I'm skipping ahead because I feel like I'm running over time. OK. He also, when he talks about the shift away from industrial corporations, elides the importance of retail corporations. And this is not unique to him. Walmart was not listed as a leading firm by Forbes until the mid 1990s, because only industrial firms were considered important.
But when you do that, when you overlook retail, you're overlooking not just stores which seems superfluous, I presume, because they are less real than industry. You overlook a key transition in the last 40 years, which is the shift from firm-based capitalism to supply chain capitalism. Over the last 40 years, all firms have shifted to be software and logistics firms. And if you haven't, you're basically out of business.
And so the growth, the excitement, the opportunities are out of this. And when we talk about globalization, we're really talking about supply chain capitalism and the extension of supply chains around the world. It's not that we're not manufacturing things and where we buy things all the time. And so he's missing this transformation even inside the industrial firms that he wants to talk about, again, by eliding the importance of the transformation of the firm and the underlying economics of the firm.
The same time, he is obsessed with tech, because tech is sexy. But this overlooks the fact that tech is now part of every firm. To focus on Google, to focus on Facebook is a misunderstanding of what software is, what software does. And so that leads me into another point, which is generally automation.

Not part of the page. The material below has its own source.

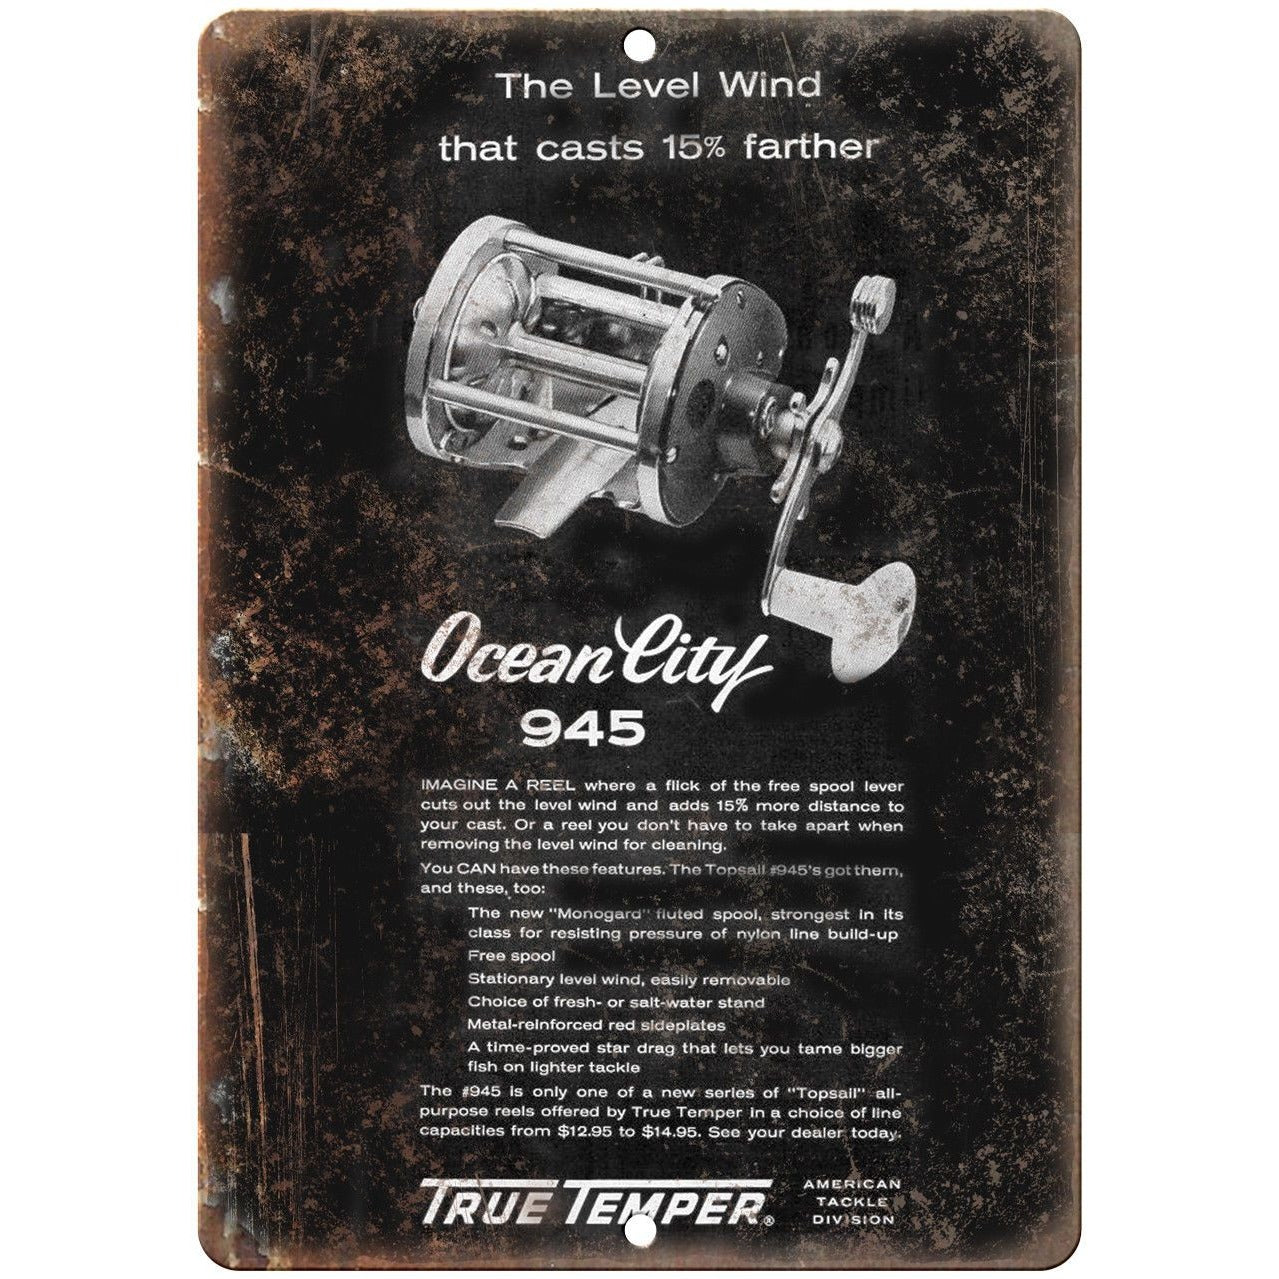 Ocean City Fishing Reel 945 True Temper Ad - 10' x 7 Reproduction Me –  Rusty Walls Sign Shop

In the 20th century, we underwent an enormous automation phase, that is the elimination of humans from agriculture. We go from a predominantly agricultural economy to predominately non-agricultural economy. And that is the big story of the 20th century. It is not manufacturing. In the late 20th century, we see, again, this same kind of shift as manufacturing jobs are eliminated. And in neither agriculture nor in manufacturing does that mean that the US economy doesn't make stuff or food anymore.
Recently, according to the World Bank, we added $2 trillion a year in value added manufacturing. It is second only to China at 2.8. We wildly outpaced Germany, which had a paltry 690 billion in value added-- I know. Chumps, right-- manufacturing. We are still a manufacturing economy. We just don't employ people to make things.

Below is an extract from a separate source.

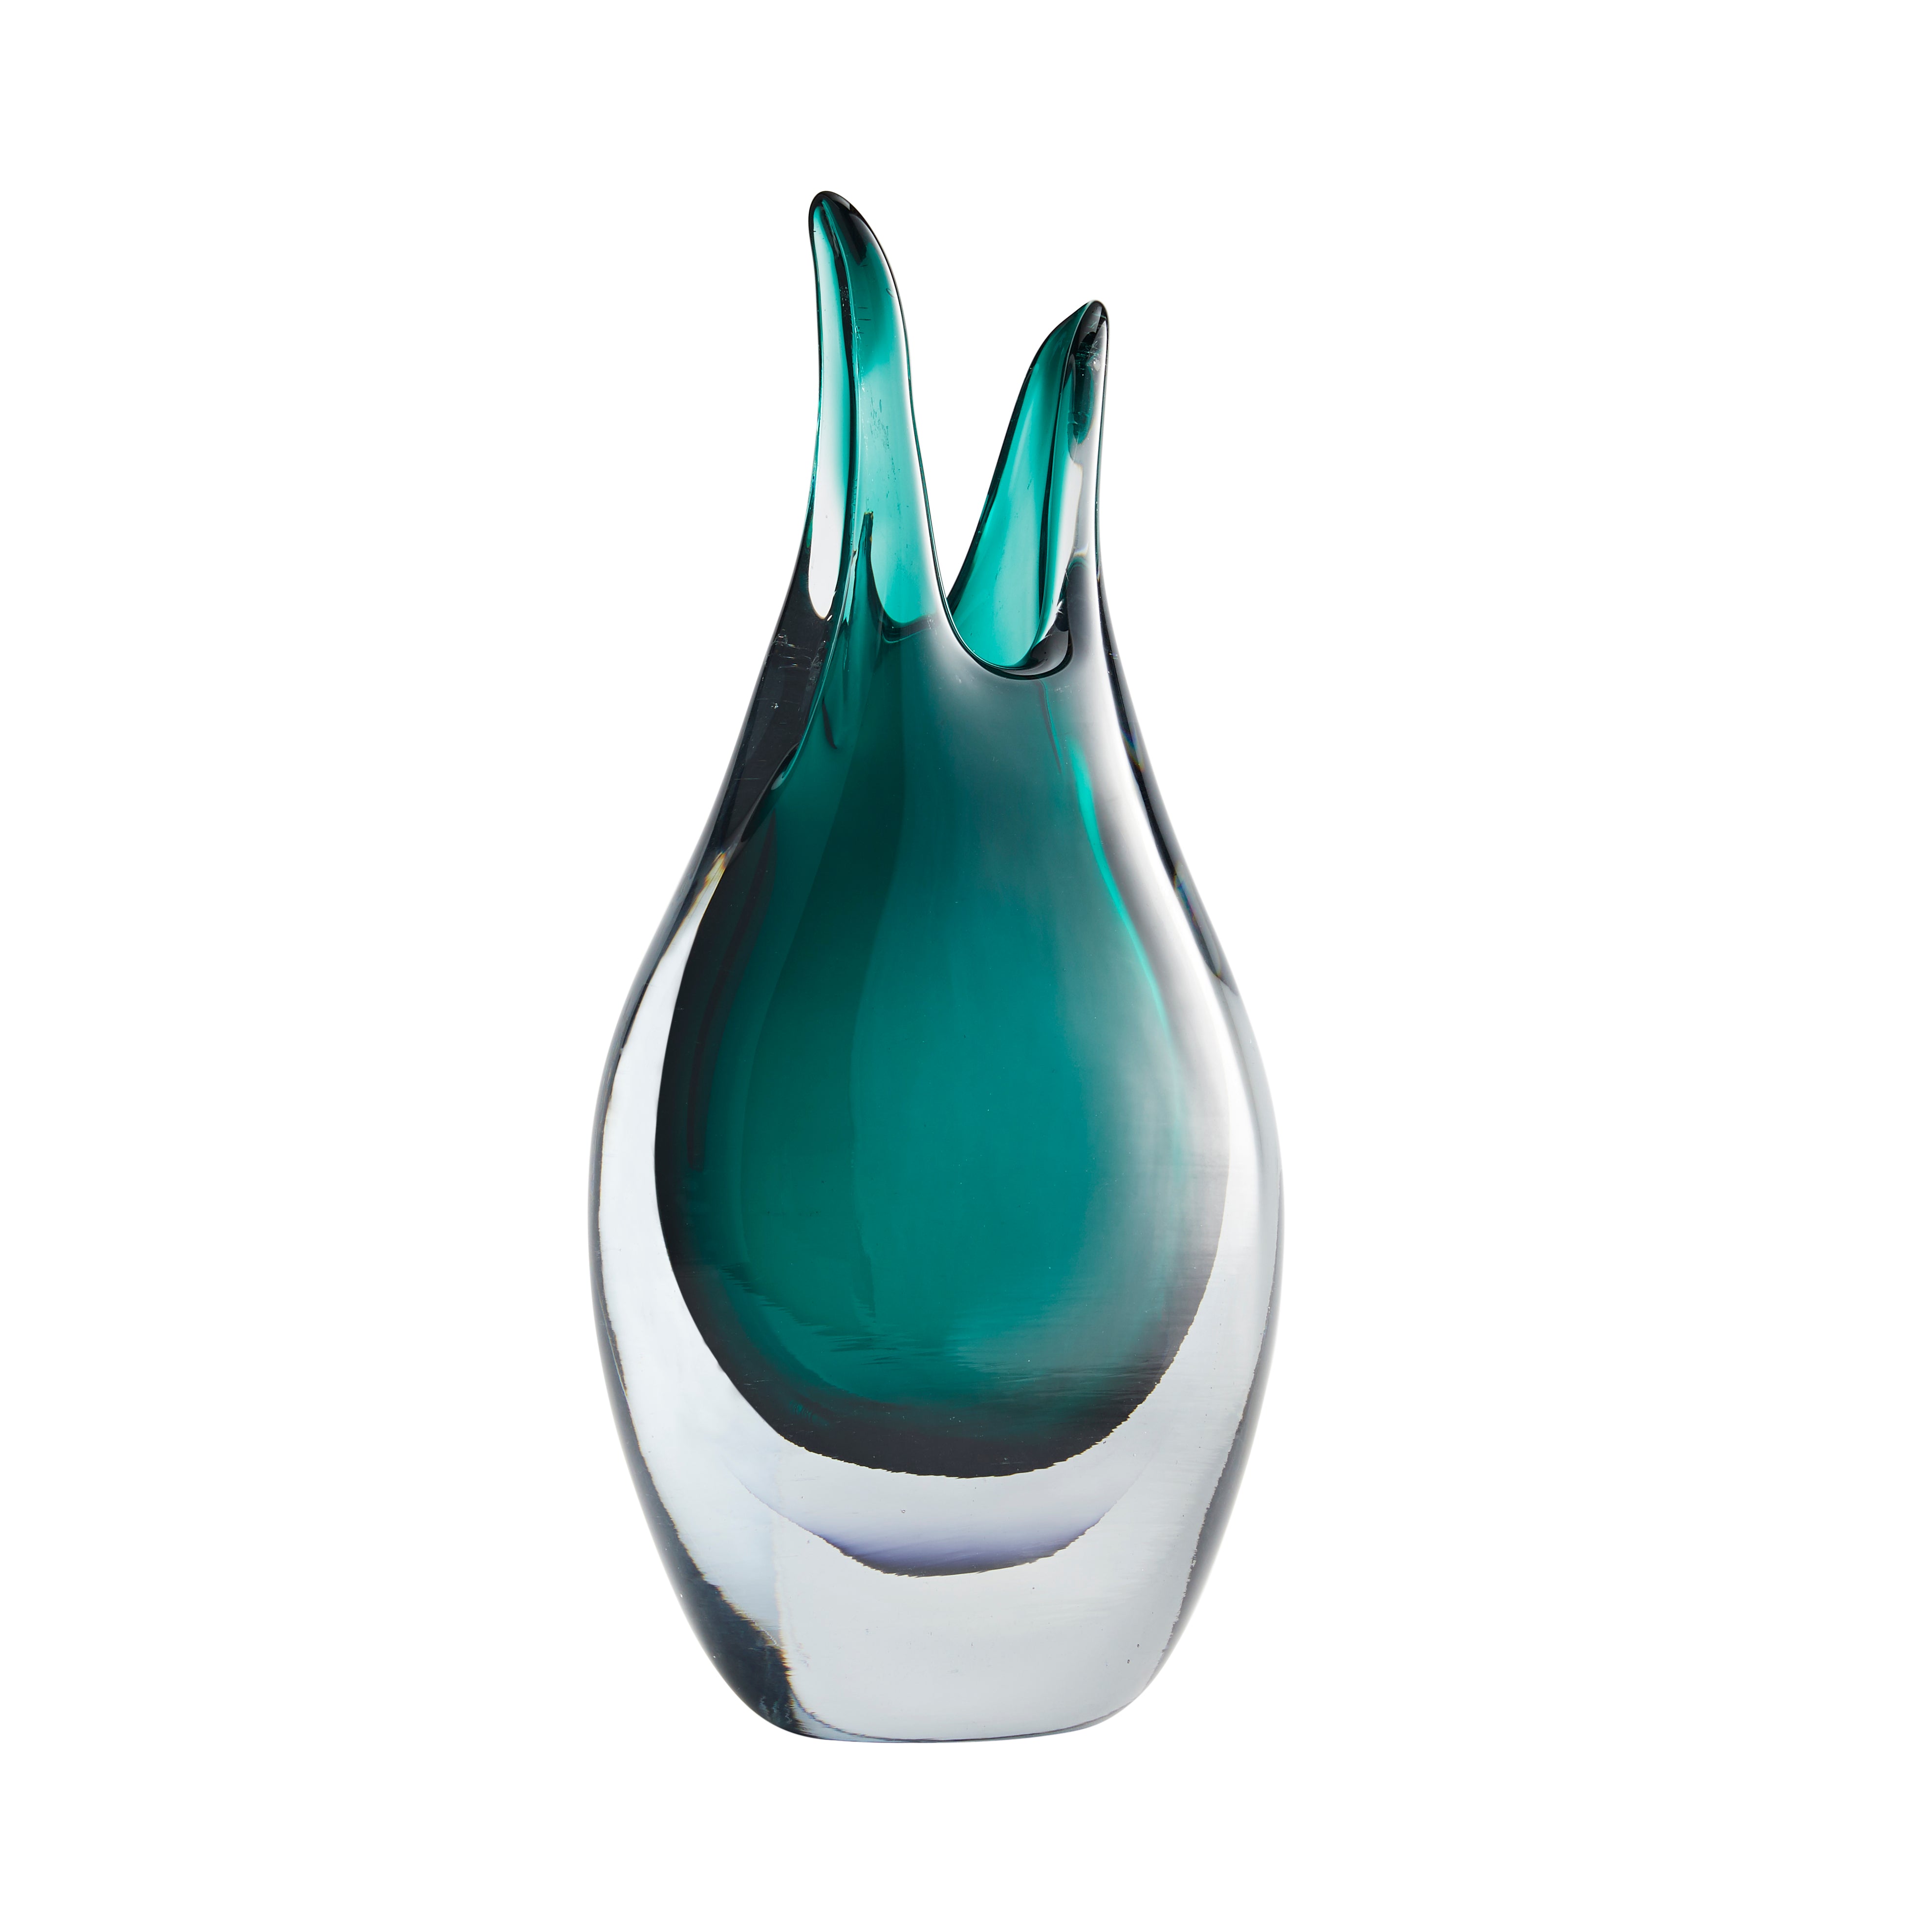 Arteriors Gretchen Vase 7849 Décor/Home Accent Cyan Design

This is a good thing in the long run. But this division of that productivity is not about the market. It's about politics, which we'll come to at the end. But that story is totally absent here because of his obsession with the organizational form. And the story he wants to tell is about jobs, even though he's writing about corporations.
Now, why inequality compressed? There are numerous arguments about why inequality happened in the post-war corporation that economists and historians and sociologists have been arguing for many decades. He likes to point to one number, which I couldn't believe that I saw sociologists do this. A historian would-- and we're not known to be very numerate, but this is not something that we would do. He pointed to a 0.9 correlation between the decline of inequality-- between inequality and the numbers of corporations.
And I was just shocked. I was shocked this wasn't a regression. And I was also shocked because this-- as more technical people in the room can tell you, you can't do a correlation with a time series in this totally naive way. And this sort of belies a more important fact about it, that he ignores, he brackets, many other factors in the economy.
I'm just going to name a few. For me, I'm going to start with taxes. A much more compelling argument to me about inequality reduction in the post-war is that the top marginal tax rate peaked in the 50s at 92%. The top marginal tax rate was 92% and then extended up into adjusted incomes of up into the millions of dollars. So why are the rich not having as much money? Well, maybe it's because they're being taxed 92%.
I don't know. To me, this strikes me as a pretty straightforward argument. It was still 70% when Reagan came into office. And now, of course, it's 40%.
Unions. He is right that unions mattered. But those unions could only matter because of the way production was organized. And it was already beginning to come undone in the 1950s and 60s. And, of course, for African Americans, the ones that are not talked about in this book at all, government jobs and government unions matter a lot, because government jobs for African Americans were a key path in the 1960s into the middle class.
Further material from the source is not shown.